Выбрать главу

Конечно, эти примеры предполагают, что аудитория идентифицирует эти маркеры и находит их несовместимыми с собственной моралью, настолько, что считает их чудовищными. Однако эта работа не возлагается только на зрителей, ведь монстра идентифицируют и другие персонажи повествования. Их эмоциональные реакции служат инструкциями и примерами того, как зрители должны реагировать на монстра на экране. Как объясняет Кэрролл, "наши реакции должны совпадать (но не в точности дублировать) с реакциями персонажей" (18). Кловер соглашается с Кэрроллом, утверждая, что эти реакции служат "своего рода поучительным зеркалом для зрителей фильмов ужасов, и этот зеркальный эффект является одной из определяющих черт жанра" (167). По сути, зрители ужасаются чему-то, потому что видят, как ужасаются герои фильма, и следуют их примеру.14

Начиная с самых первых фильмов ужасов, самой основной реакцией на встречу с чудовищным являются телесные проявления ужаса и отвращения со стороны "нормальных" персонажей, когда они отшатываются и отступают от чудовищного тела, их лица наполнены недвусмысленным ужасом, сопровождаемым криками, особенно у женских персонажей. Интенсивность этой реакции служит мерой чудовищности. Помимо таких моментов чистого ужаса, чудовищность также проявляется в диалогах и рассказах о монстре. Например, в фильме "Молчание ягнят" (1991) есть фраза, в которой полицейский спрашивает, является ли Ганнибал Лектер вампиром, а главный герой агент Старлинг отвечает: "У них нет названия для того, кто он есть". Вопрос ассоциирует персонажа Лектера с традиционным монстром ужасов, а ответ вновь демонстрирует несостоятельность категорий. Поскольку Лектера нельзя понять с помощью психологии или закона, он должен считаться чудовищным девиантом.

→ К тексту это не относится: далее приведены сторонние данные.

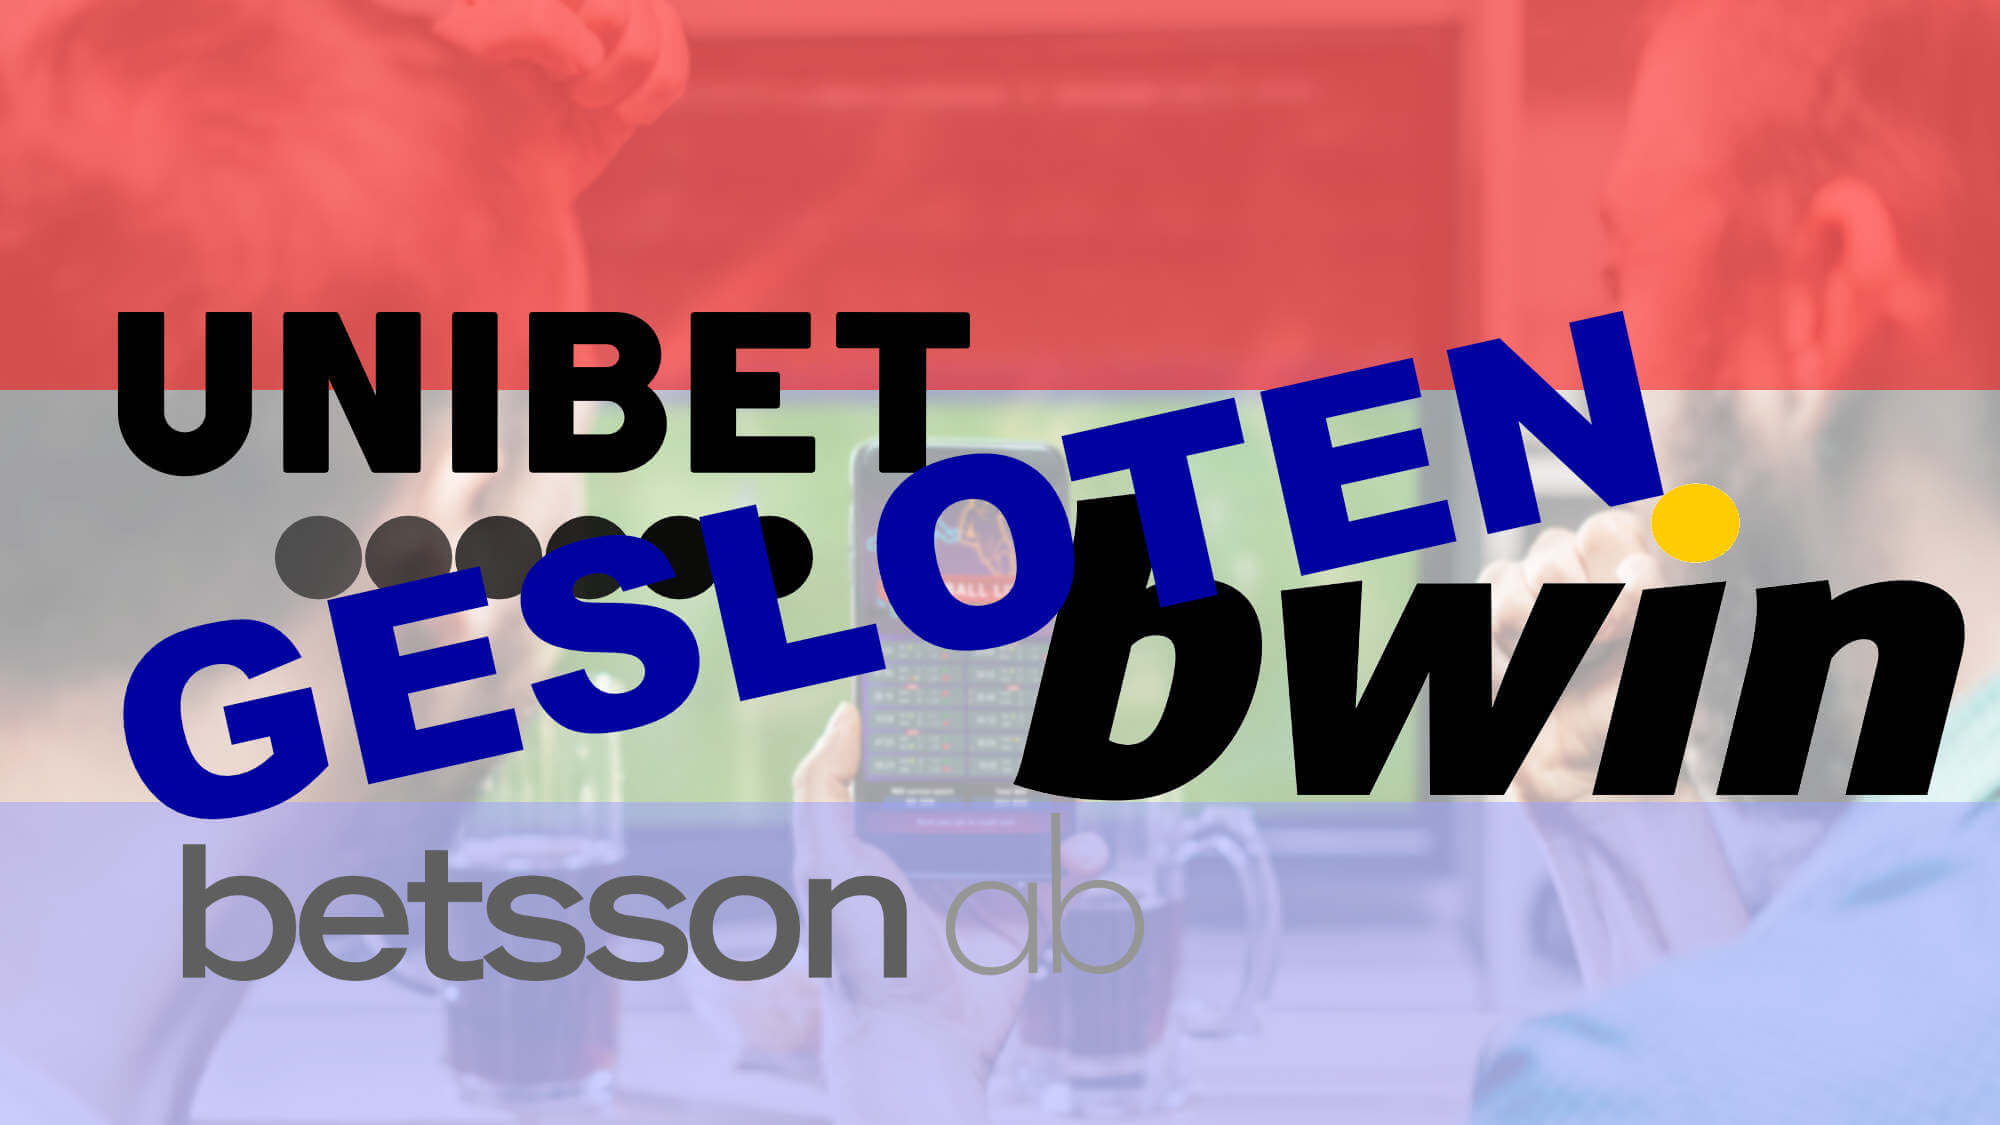 Unibet, Bwin en Betsson zijn gezloten op de NL markt.

Та же схема действует во множестве фильмов ужасов: персонажи, олицетворяющие нормальность, спрашивают, с чем они имеют дело, пытаясь разрешить необъяснимое, применяя привычные категории. Когда такая классификация не удается, персонажи могут прибегнуть к названию монстра или, как выражение беспомощности, вещи, которая не поддается определению, но точно не человек. Зомби в фильме "Ночь живых мертвецов" (1968), например, чаще всего называют "этими тварями", а фильм "Вещь" (1982) уже в своем названии несет в себе капитуляцию перед пониманием.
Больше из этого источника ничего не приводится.